> _Collected material_
BEGIN
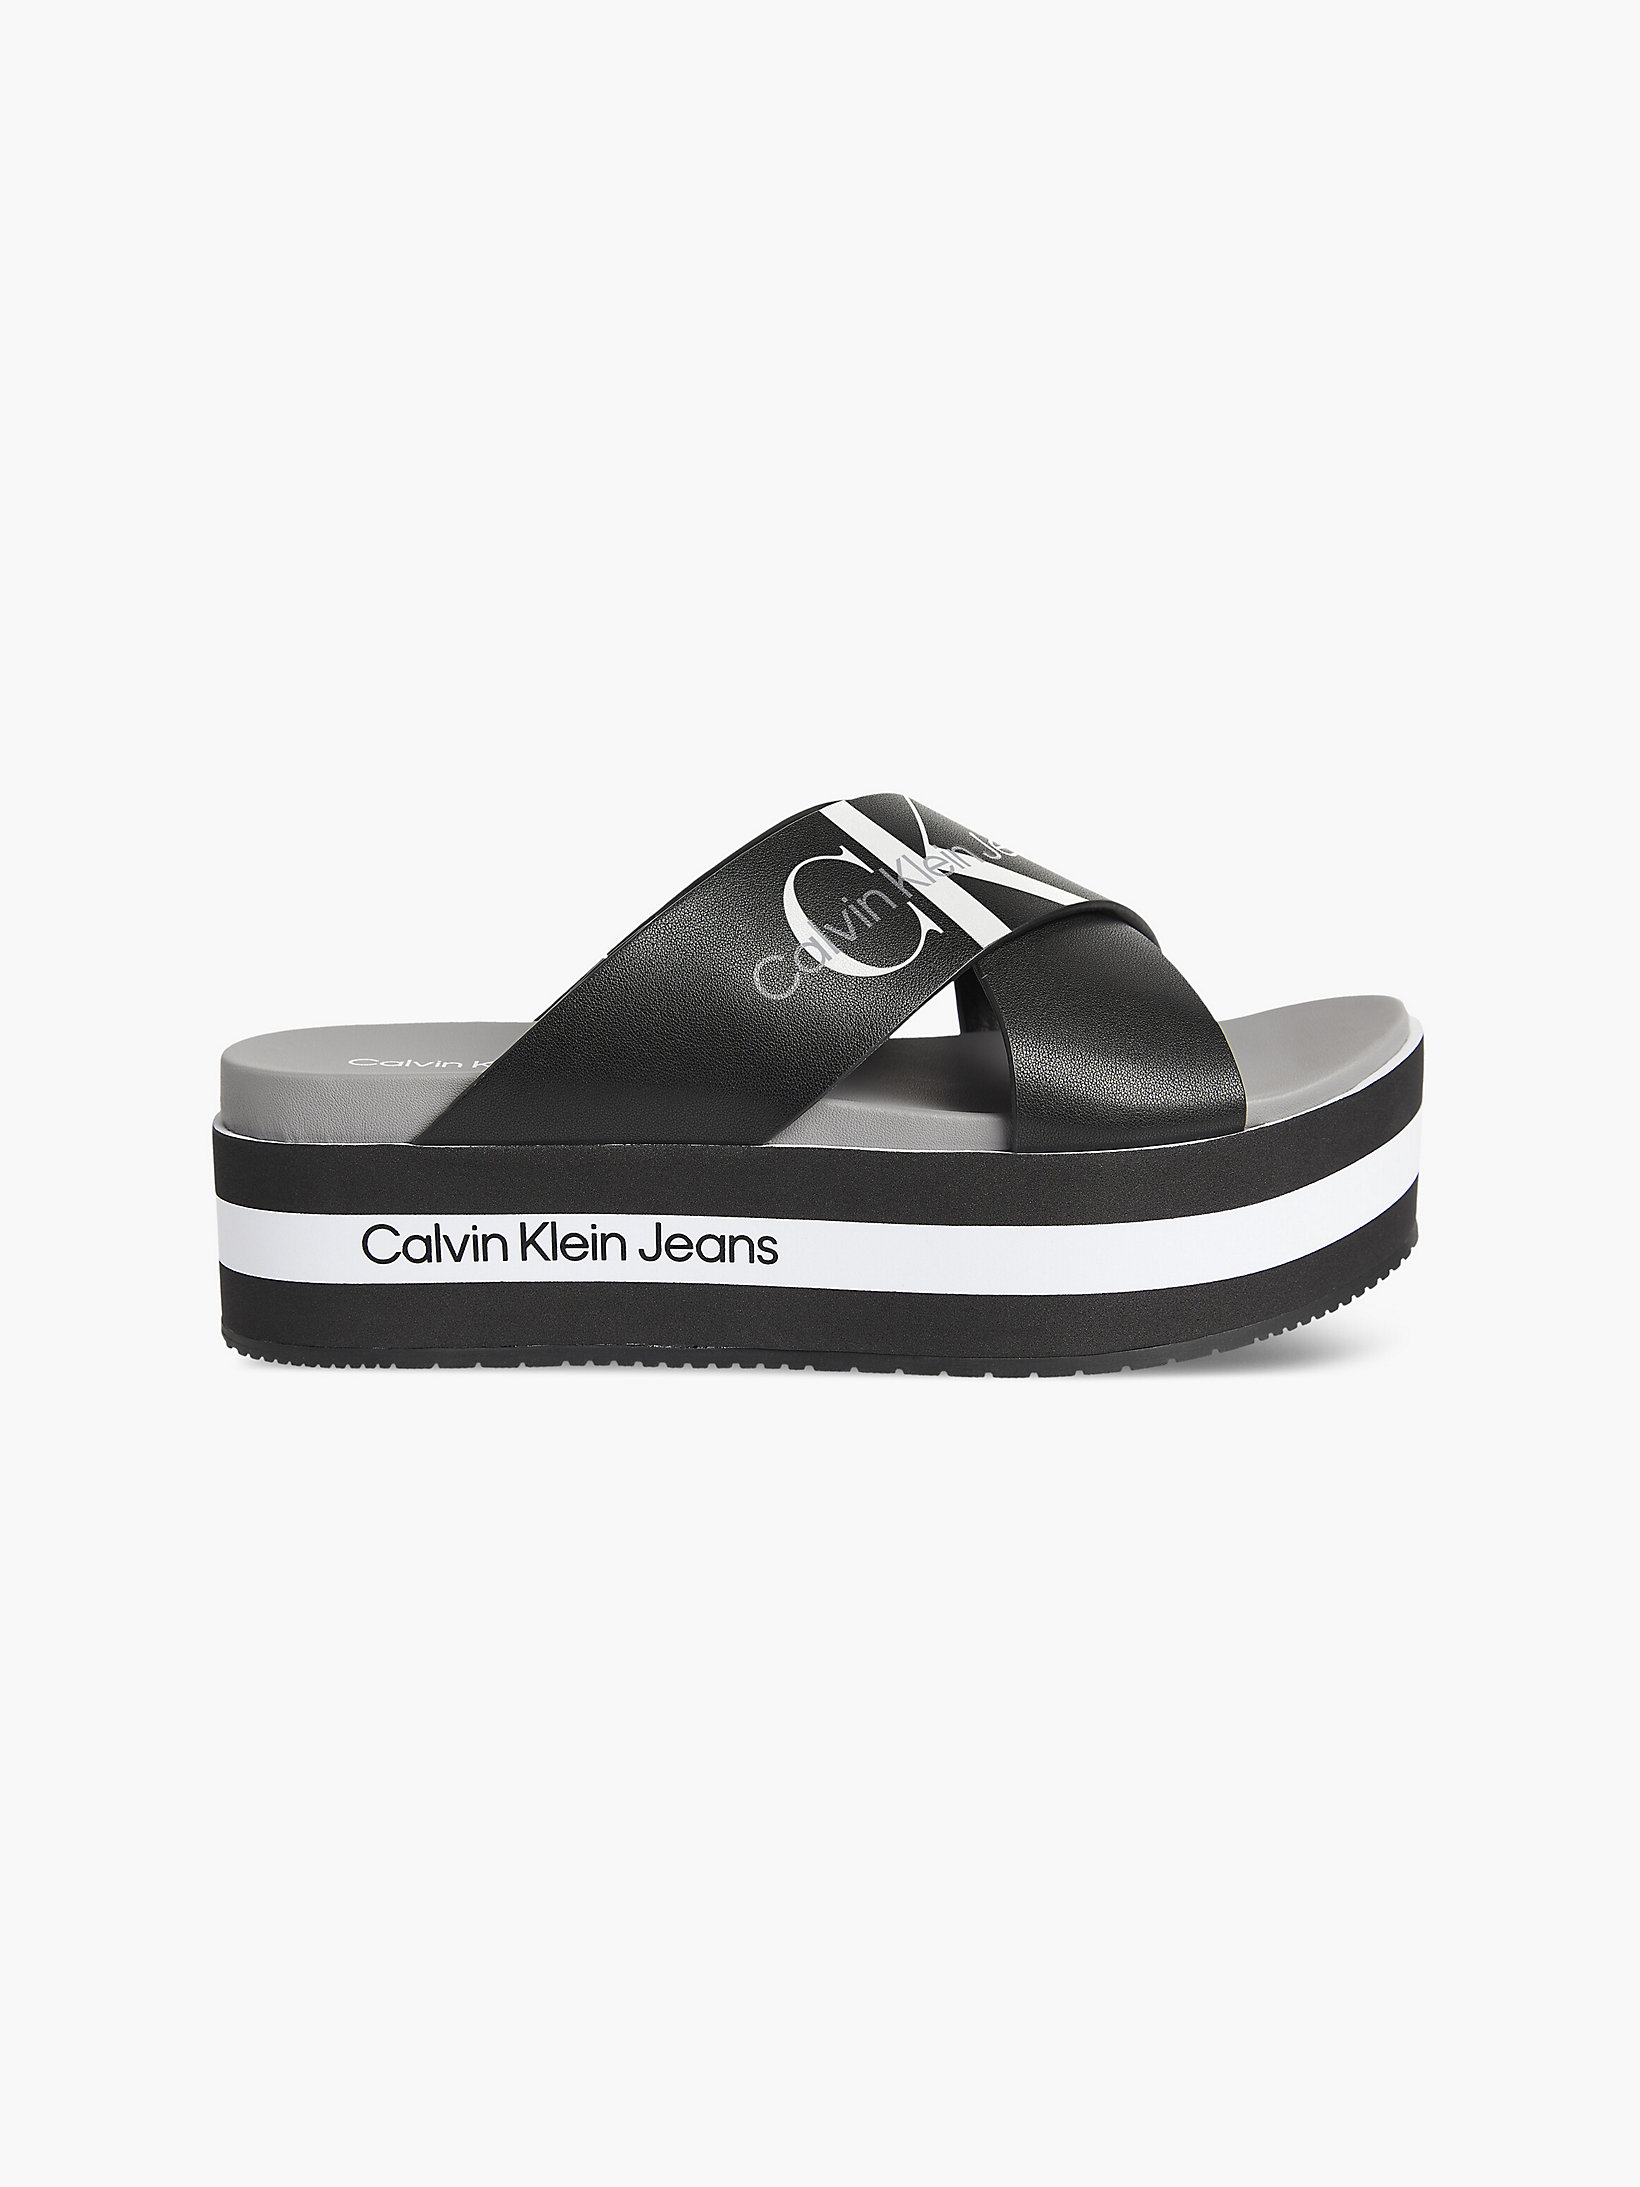 Black Leather Platform Sandals undefined women Calvin Klein
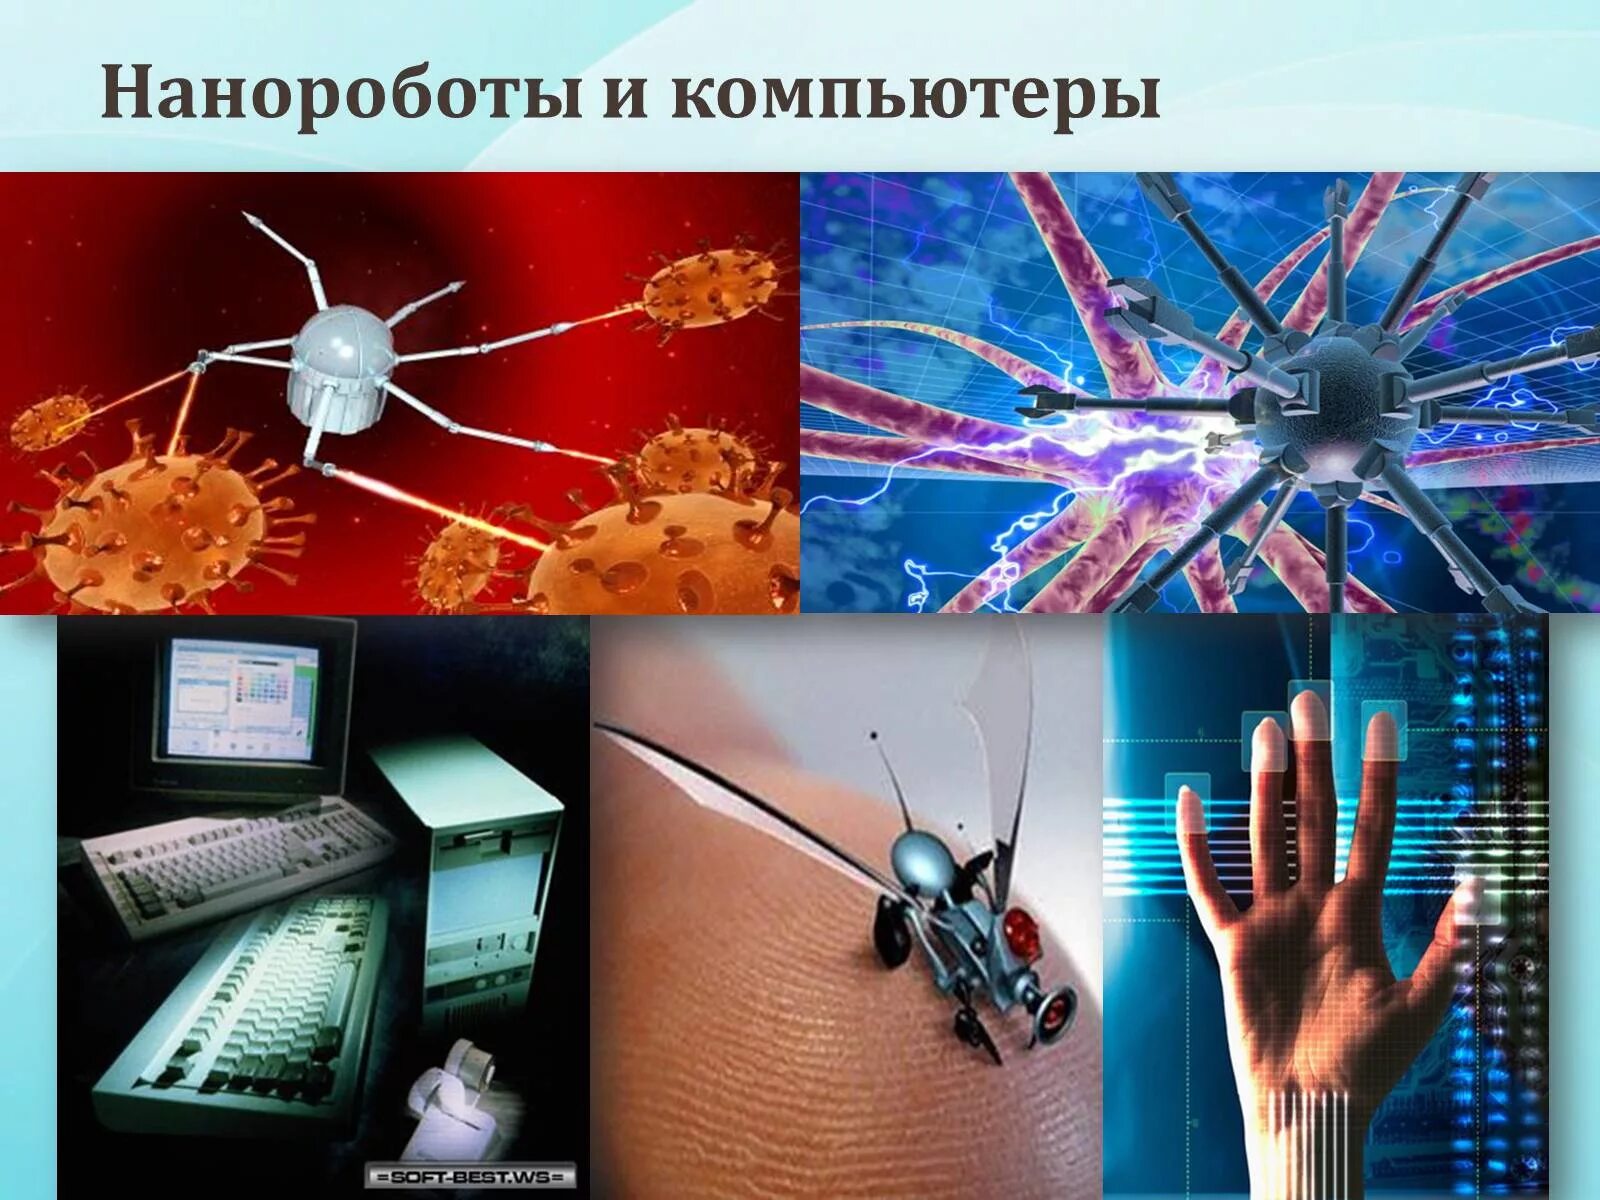 Изображения на тему нанотехнологии. Нанороботы в компьютерах. Нанотехнологии в быту. Нанотехнологии презентация. Про нанотехнологии
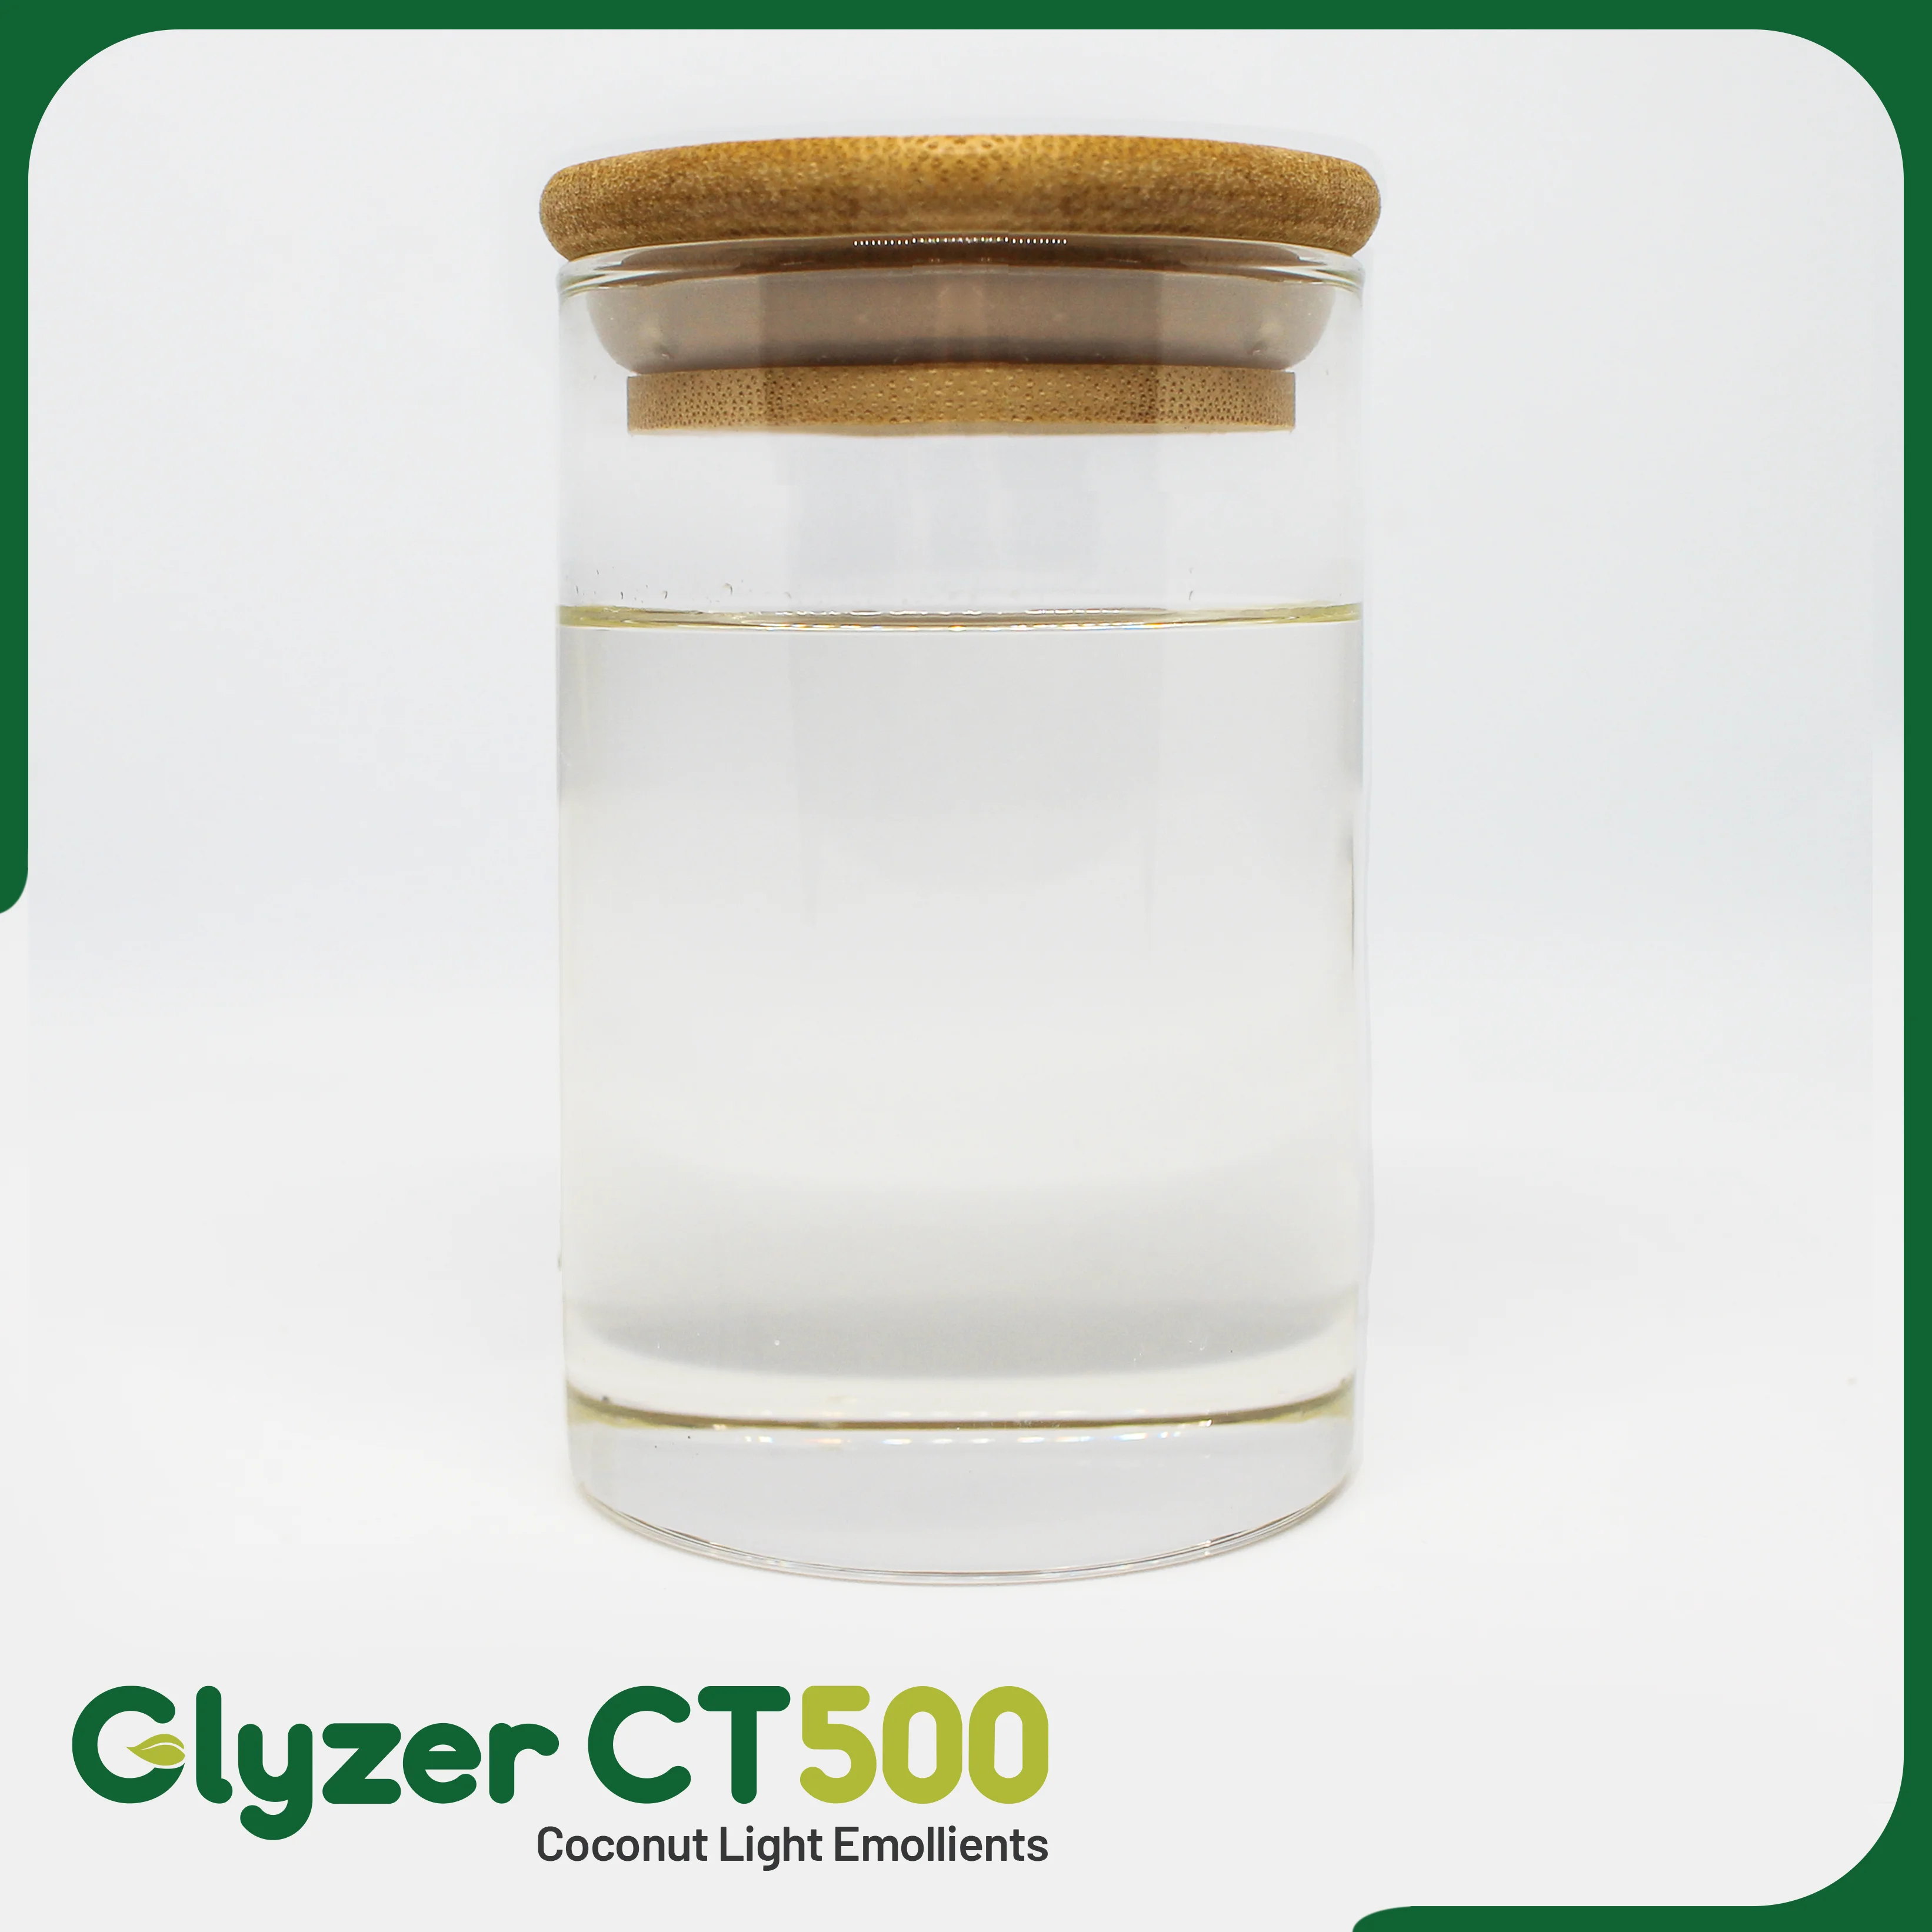 GLYZER CT500
END
> _What to do_
Without the pictures, write out the entire listing exactly.

> _Answer for the task_
 Black Leather Platform Sandals undefined women Calvin Klein
 Изображения на тему нанотехнологии. Нанороботы в компьютерах. Нанотехнологии в быту. Нанотехнологии презентация. Про нанотехнологии
 GLYZER CT500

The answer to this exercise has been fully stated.